WORK REQUIRED: Return the data below unchanged. Drop any pictures.

DATASET SECTION:
▬▬▬
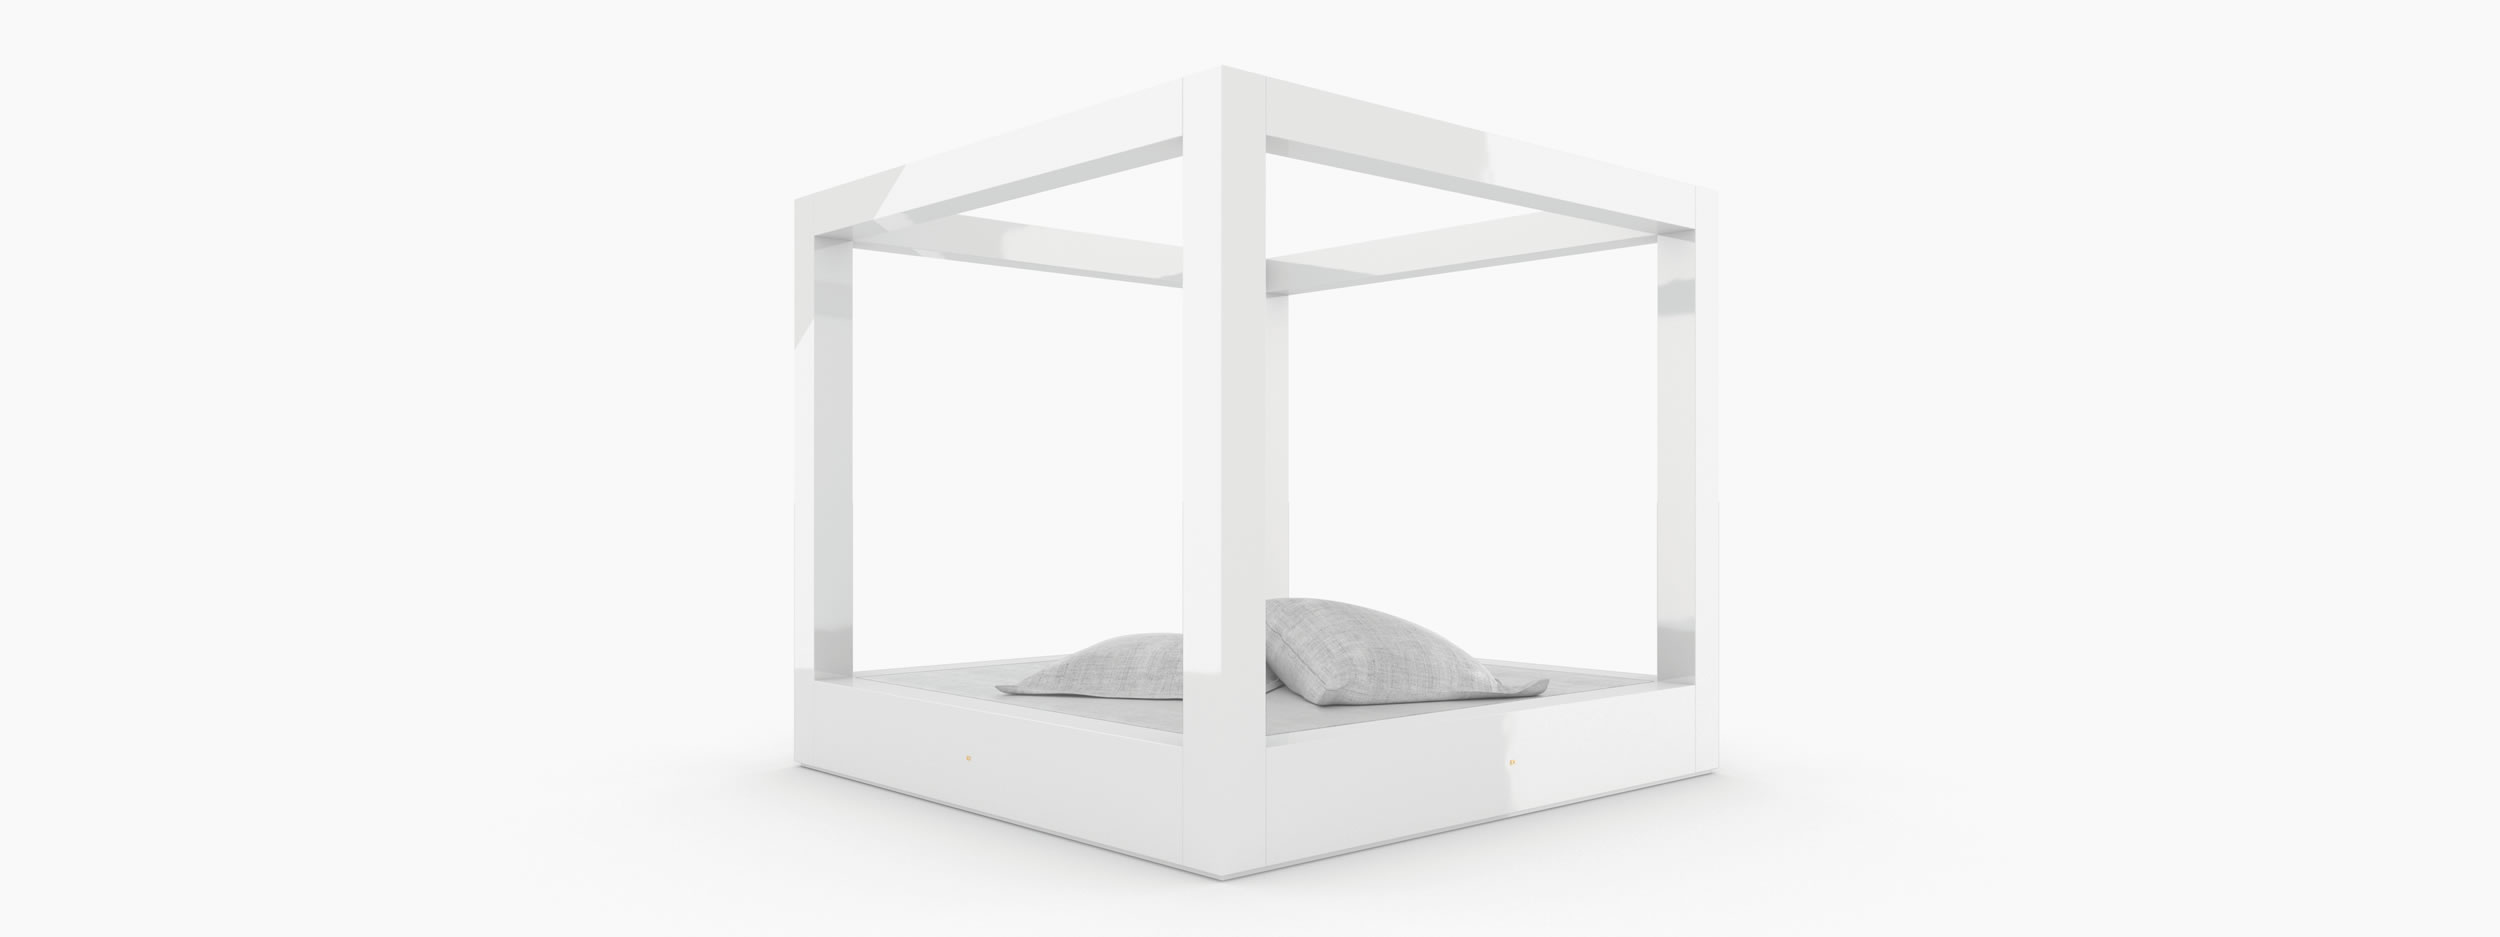 Himmelbett freistehend weiss bed room Schlafzimmer minimalist design Himmelbett FS 15 FELIX SCHWAKE RECHTECK
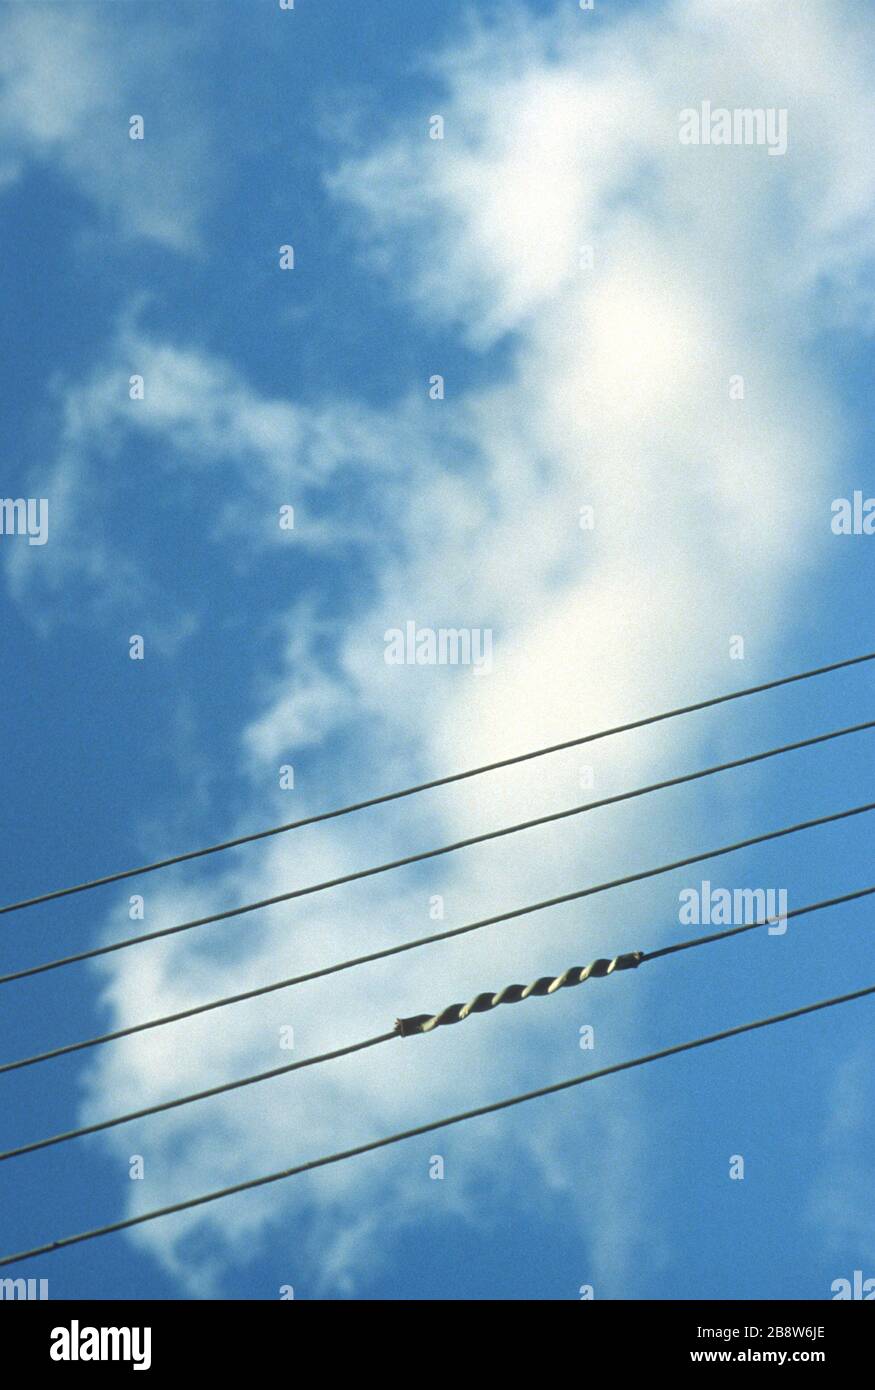 Fünf gegen einen blauen Himmel isolierte Telefon-/Strom-/Telegrafenleitungen sehen aus wie Musikstaven. Legen Sie Ihre eigenen Notizen in den Hintergrund. Stockfoto
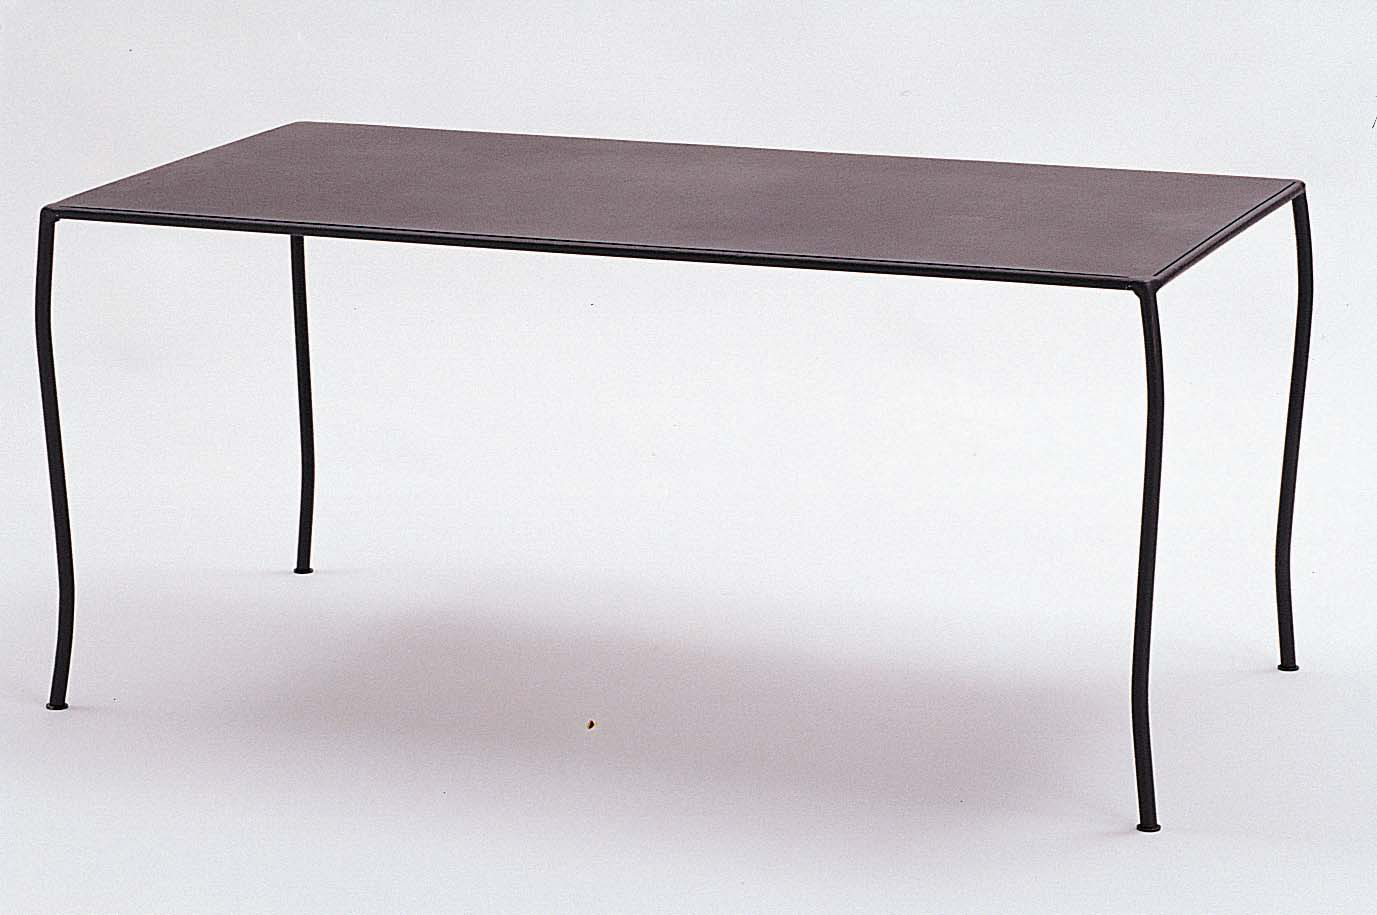 KA Tisch Oxido groß (889002) - auch in weiß erhältlich (808082)
▬▬▬
RESULT BELOW:
 Himmelbett freistehend weiss bed room Schlafzimmer minimalist design Himmelbett FS 15 FELIX SCHWAKE RECHTECK
 Fünf gegen einen blauen Himmel isolierte Telefon-/Strom-/Telegrafenleitungen sehen aus wie Musikstaven. Legen Sie Ihre eigenen Notizen in den Hintergrund. Stockfoto
 KA Tisch Oxido groß (889002) - auch in weiß erhältlich (808082)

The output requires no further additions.